When is a stylesheet really loaded?

March 17th, 2011. Tagged: browsers, CSS, performance

Often we want to load a CSS file on-demand by inserting a link node. And we want to know when the file finished loading in order to call a callback function for example.

Long story short: turns out this is harder than it should be and really unnecessary hard in Firefox. I hereby beg on behalf of many frustrated developers: please, Firefox 4, please fire a load event when a stylesheet loads.

Update:
If you think this is "a change we can believe in", tell the browser vendors to fire a load event on link elements as the HTML5 standard mandates. Here's the list of bugs for each browser to comment on and point people to:

Here's what the standard says:

"Once the attempts to obtain the resource and its critical subresources are complete, the user agent must, if the loads were successful, queue a task to fire a simple event named load at the link element"

With that out of the way, let's see what we have here.

// my callback function
// which relies on CSS being loaded
function CSSDone() {
  alert('zOMG, CSS is done');
}
  
 
// load me some stylesheet
var url = "http://tools.w3clubs.com/pagr/1.sleep-1.css",
    head = document.getElementsByTagName('head')[0];
    link = document.createElement('link');
 
link.type = "text/css";
link.rel = "stylesheet"
link.href = url;
 
// MAGIC
// call CSSDone() when CSS arrives
 
head.appendChild(link);

Options for the magic part, sorted from nice-and-easy to ridiculous

  1. listen to link.onload
  2. listen to link.addEventListener('load')
  3. listen to link.onreadystatechange
  4. setTimeout and check for changes in document.styleSheets
  5. setTimeout and check for changes in the styling of a specific element you create but style with the new CSS

5th option is too crazy and assumes you have control over the content of the CSS, so forget it. Plus it checks for current styles in a timeout meaning it will flush the reflow queue and can be potentially slow. The slower the CSS to arrive, the more reflows.
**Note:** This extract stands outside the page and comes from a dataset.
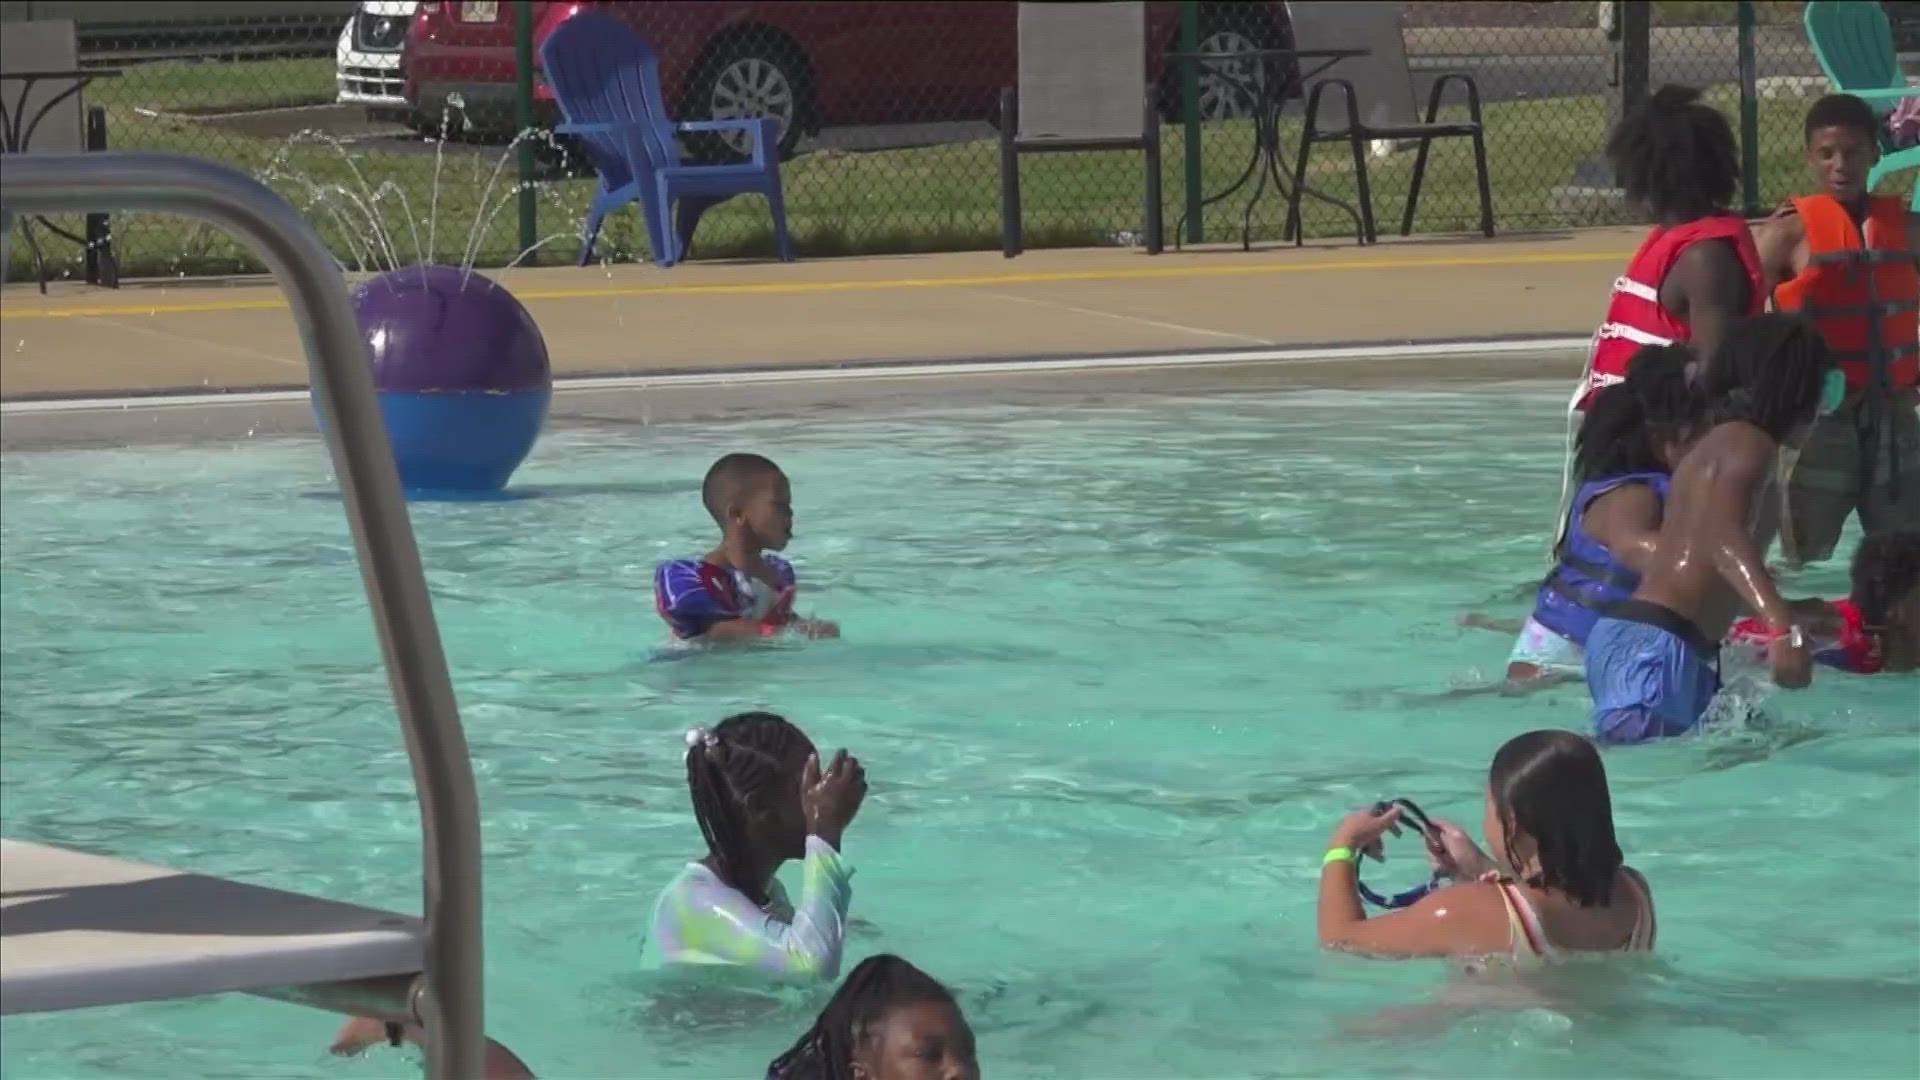 Physicians at Saint Francis Hospitals have safety reminders for kids who are going to the pool this summer.
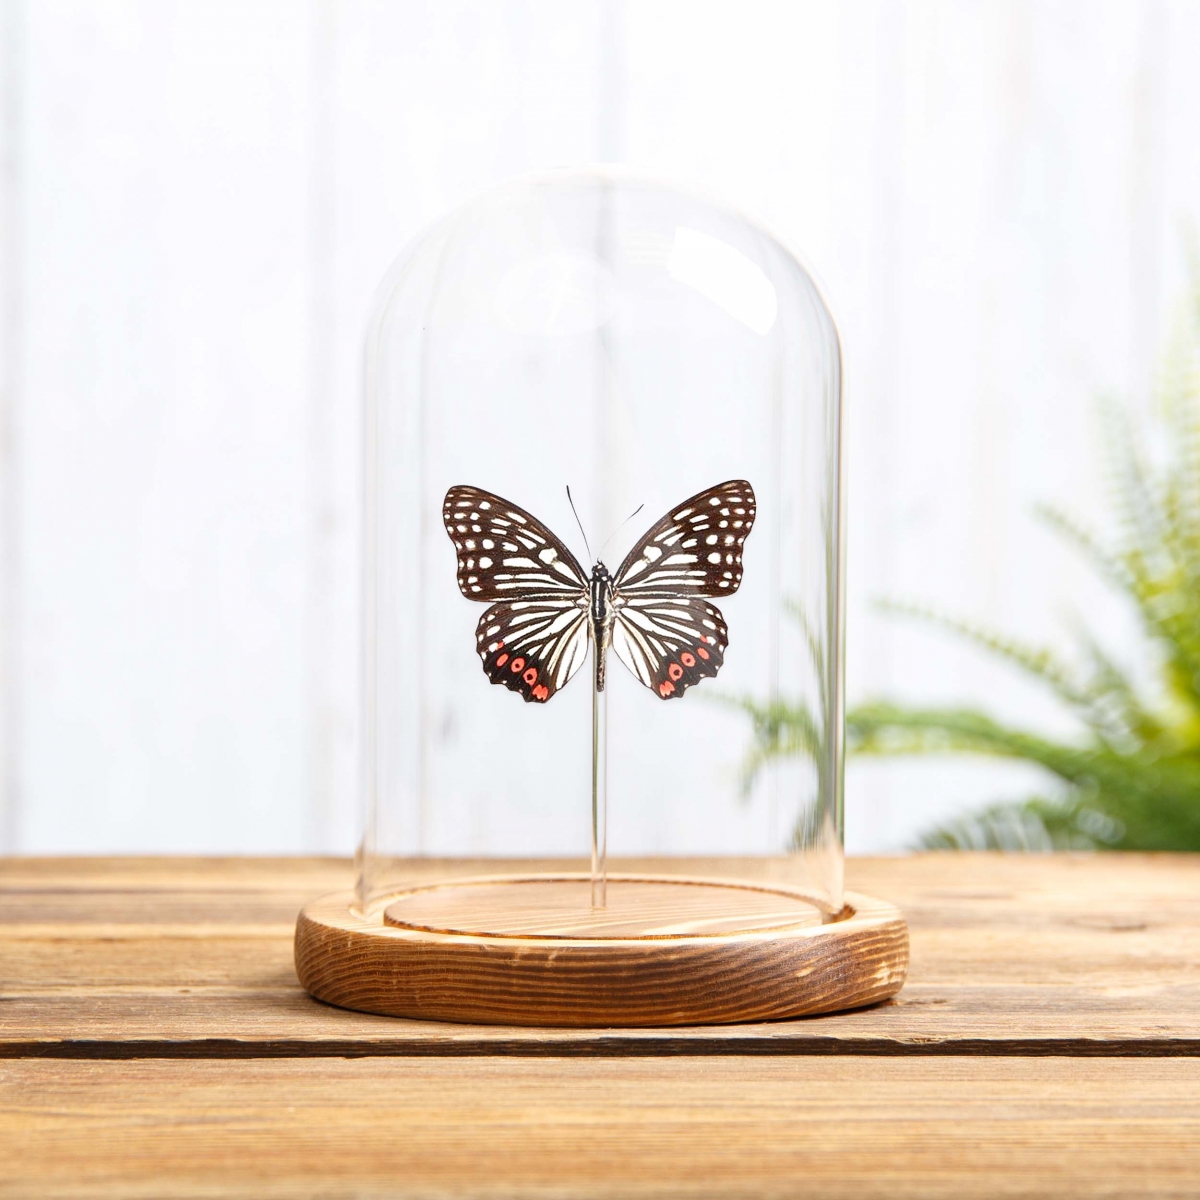 Red Ring Skirt in Glass Dome with Wooden Base (Hestina assimilis)

So, really, forget it.

So how about implementing the magic?

  // MAGIC
  // #1
  link.onload = function () {
    CSSDone('onload listener');
  }
  // #2
  if (link.addEventListener) {
    link.addEventListener('load', function() {
      CSSDone("DOM's load event");
    }, false);
  }
  // #3
  link.onreadystatechange = function() {
    var state = link.readyState;
    if (state === 'loaded' || state === 'complete') {
      link.onreadystatechange = null;
      CSSDone("onreadystatechange");
    }
  };
  
  // #4
  var cssnum = document.styleSheets.length;
  var ti = setInterval(function() {
    if (document.styleSheets.length > cssnum) {
      // needs more work when you load a bunch of CSS files quickly
      // e.g. loop from cssnum to the new length, looking
      // for the document.styleSheets[n].href === url
      // ...
      
      // FF changes the length prematurely :()
      CSSDone('listening to styleSheets.length change');
      clearInterval(ti);
      
    }
  }, 10);
  
  // MAGIC ends

Test

Test page - riiiight here. I'm loading a CSS file delayed two seconds on the server. Attaching all those event listeners and timeouts above. Adding another timeout that just says "... and two seconds later ... " after (you guessed it!) two seconds. Now observing los resultados...

Results

  • IE fires readystatechange and load (tested years ago, too lazy to test now again). Now with IE9 maybe addEventListener will work too?
  • Firefox (like before) fires nothing. It updates the length of document.styleSheets immediately, not waiting for the file to actually arrive. So the outcome in my test log is:
    zOMG, CSS #1 is done: listening to styleSheets.length change
    ... and two seconds later ...
    
  • Opera fires load via onload and via addEventListener too. Like FF it also increments document.styleSheets.length imm√©diatement. The outcome:
    zOMG, CSS #1 is done: listening to styleSheets.length change
    ... and two seconds later ...
    zOMG, CSS #1 is done: onload listener
    zOMG, CSS #1 is done: DOM's load event
  • Chrome and Safari will not fire events but will update document.styleSheets only when the file arrives, yey!
    ... and two seconds later ...
    zOMG, CSS #1 is done: listening to styleSheets.length change

All in all, there's at least one way to tell when the stylesheet is loaded in each browser, except Firefox. Now that's embarrassing.

Is there really no hope for Firefox?

If you go really crazy than yes - implement magic #5 but it has serious drawbacks.

Otherwise the object trick should do - all browsers seem to fire load and/or readystatechange event consistently. Obviously it's a little more complicated. Although probably not as complicated as monitoring the document.styleSheets collection

I also tried MozAfterPaint - it might work but didn't for me, because my CSS didn't change anything on the page that required repaint. Obviously not a fit-all solution.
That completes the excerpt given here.